++++ RECORDED INFORMATION
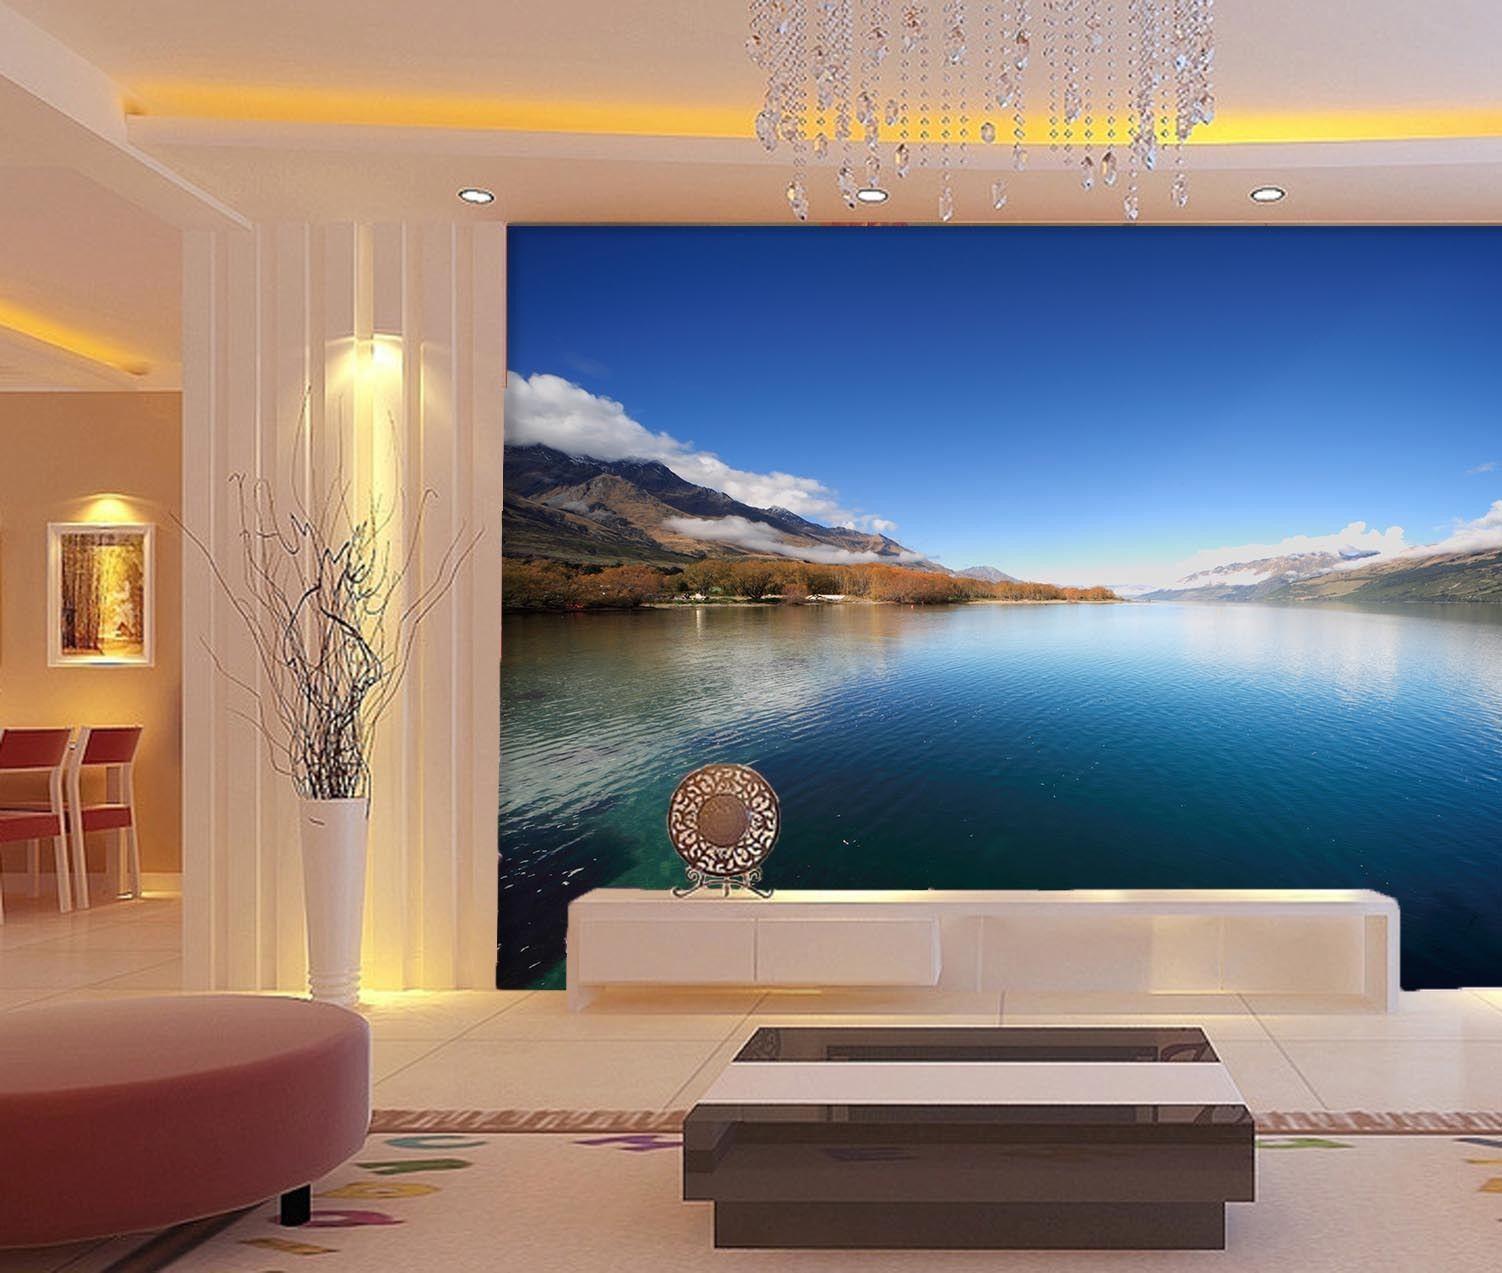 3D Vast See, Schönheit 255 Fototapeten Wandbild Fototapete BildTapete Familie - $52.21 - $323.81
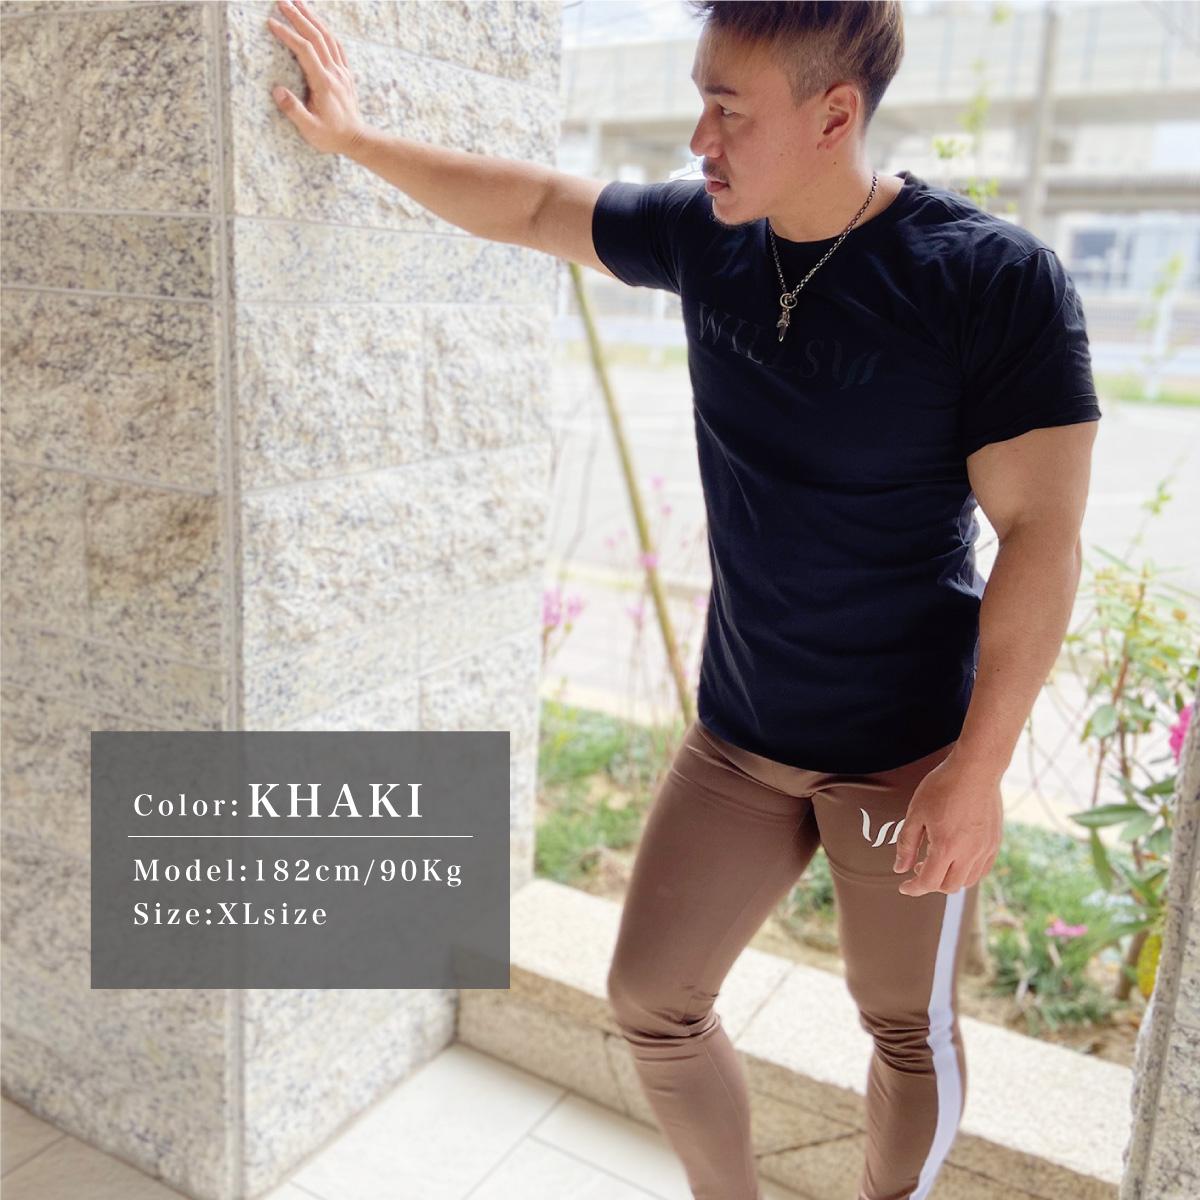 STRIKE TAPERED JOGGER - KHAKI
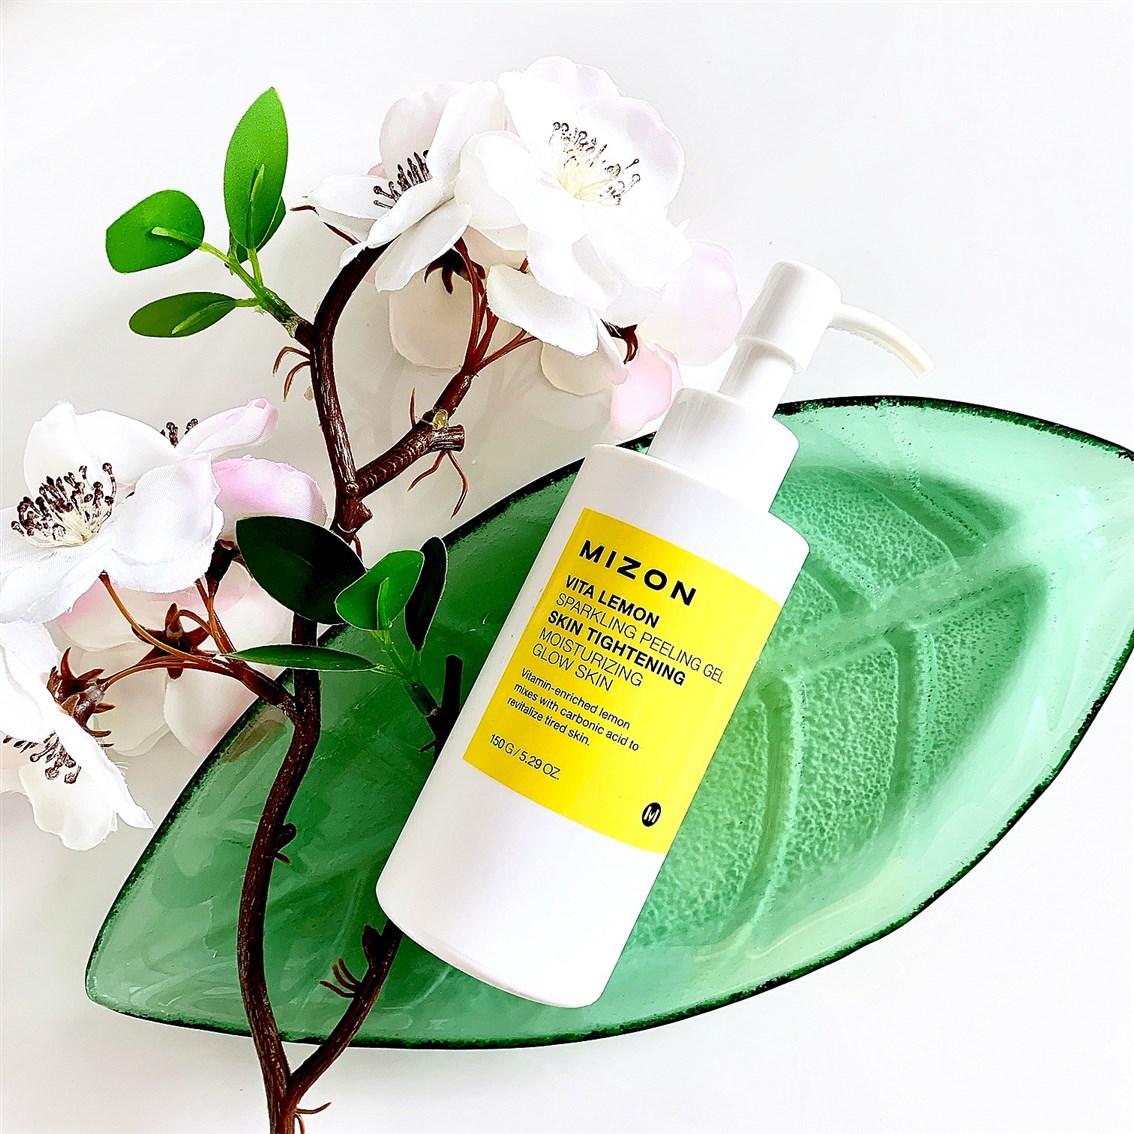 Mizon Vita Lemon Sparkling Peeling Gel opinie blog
++++++++
• [EXERCISE OBJECTIVE]: Could the data above be copied out exactly, with no pictures kept?

• [ANSWER FOR THIS EXERCISE]:
 3D Vast See, Schönheit 255 Fototapeten Wandbild Fototapete BildTapete Familie - $52.21 - $323.81
 STRIKE TAPERED JOGGER - KHAKI
 Mizon Vita Lemon Sparkling Peeling Gel opinie blog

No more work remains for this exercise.